In our recent work, We propose a strategy of mechanical training to achieve the aligned nanofibrillar architectures of skeletal muscles in synthetic hydrogels, resulting in the combinational muscle-like properties for the first time.

Abstract:
Skeletal muscles possess the combinational properties of high fatigue resistances (1000 J/m2), high strengths (1 MPa), low Young’s moduli (100 kPa), and high water contents (70 − 80 wt%), which have not been achieved in synthetic hydrogels.
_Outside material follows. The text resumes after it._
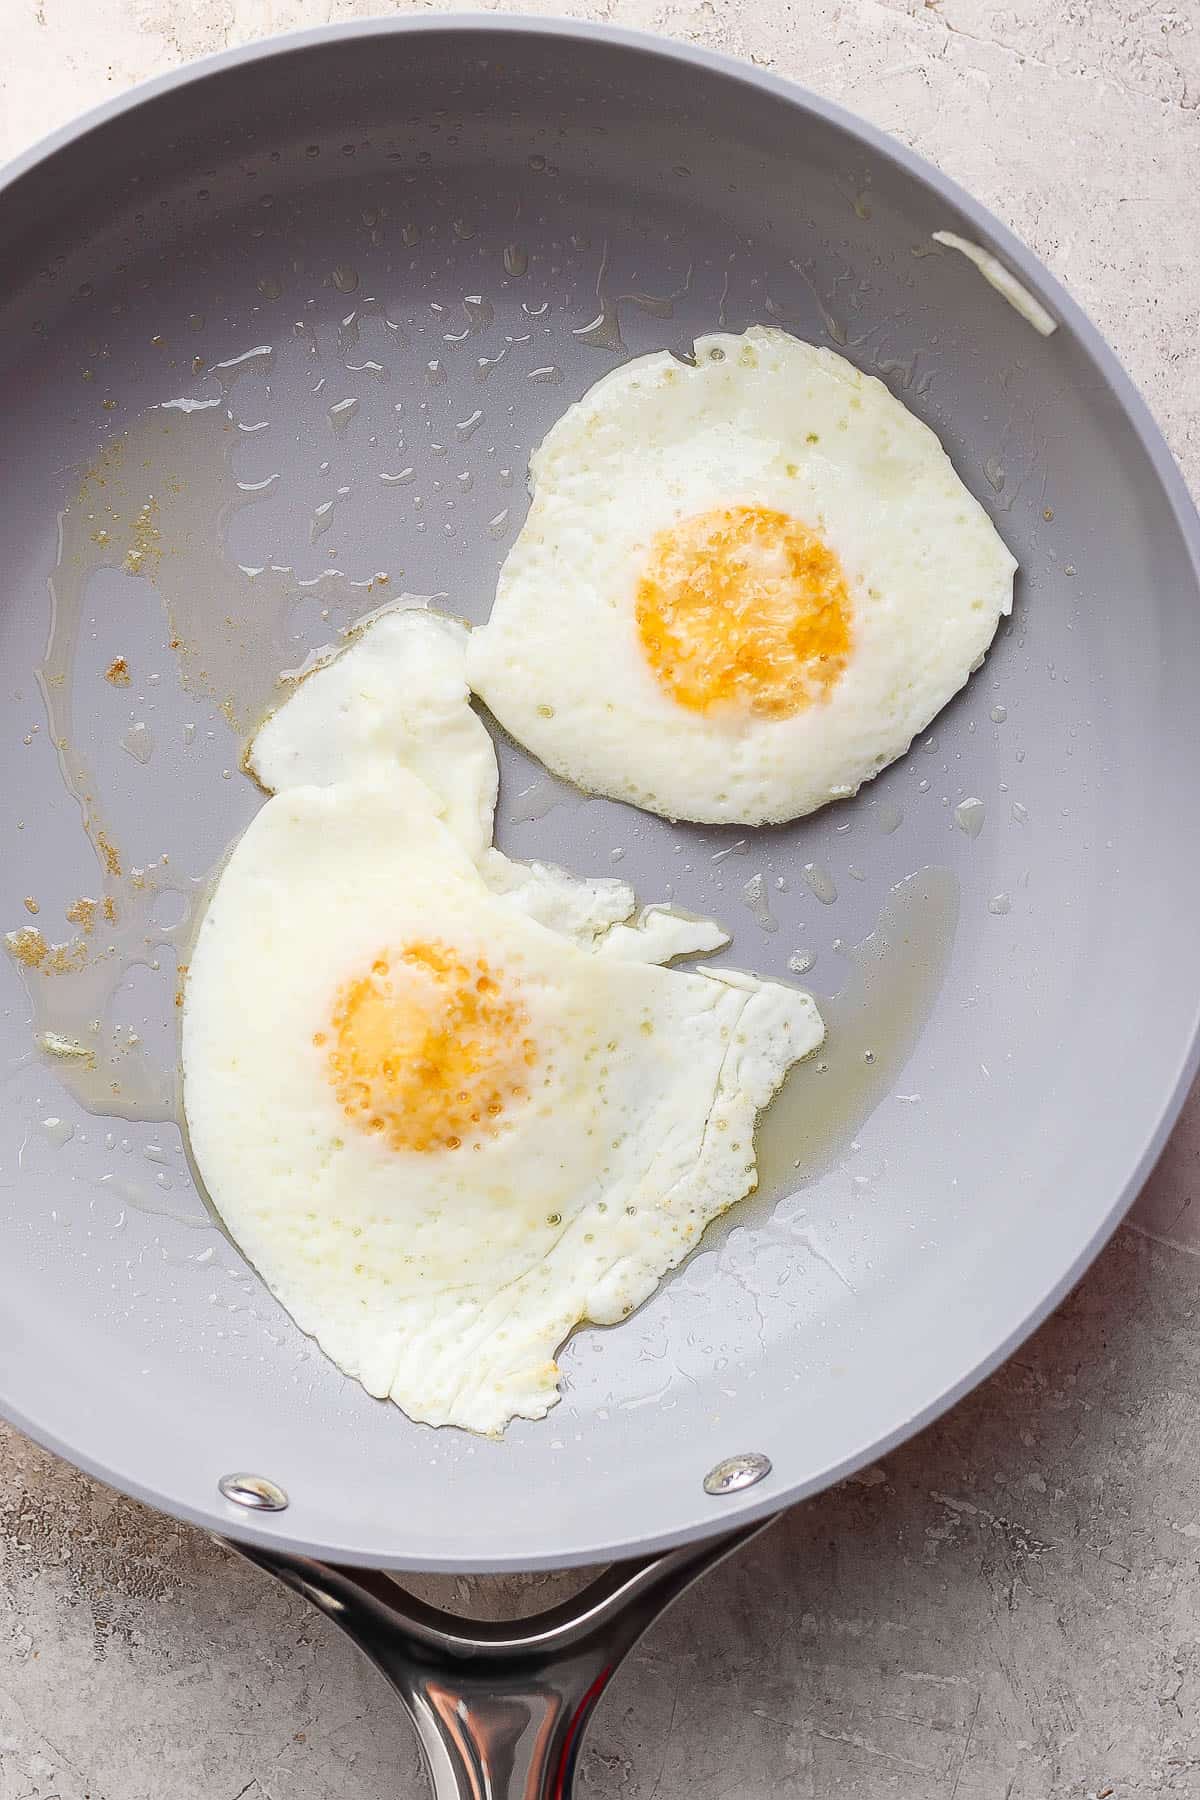 Two eggs flipped in the skillet.

The muscle-like properties are highly desirable for hydrogels’ nascent applications in load-bearing artificial tissues and soft devices. In this paper, we propose a strategy of mechanical training to achieve the aligned nanofibrillar architectures of skeletal muscles in synthetic hydrogels, resulting in the combinational muscle-like properties for the first time. These properties are obtained through the training-induced alignment of nanofibrils, without additional chemical modifications or additives. In situ confocal microscopy of the hydrogels' fracturing processes reveals that the fatigue resistance results from the crack pinning by the aligned nanofibrils, which require much higher energy to fracture than the amorphous polymer chains. This strategy is particularly applicable for three-dimensionally printed microstructures of hydrogels, in which we can achieve isotropically fatigue-resistant, strong yet compliant properties.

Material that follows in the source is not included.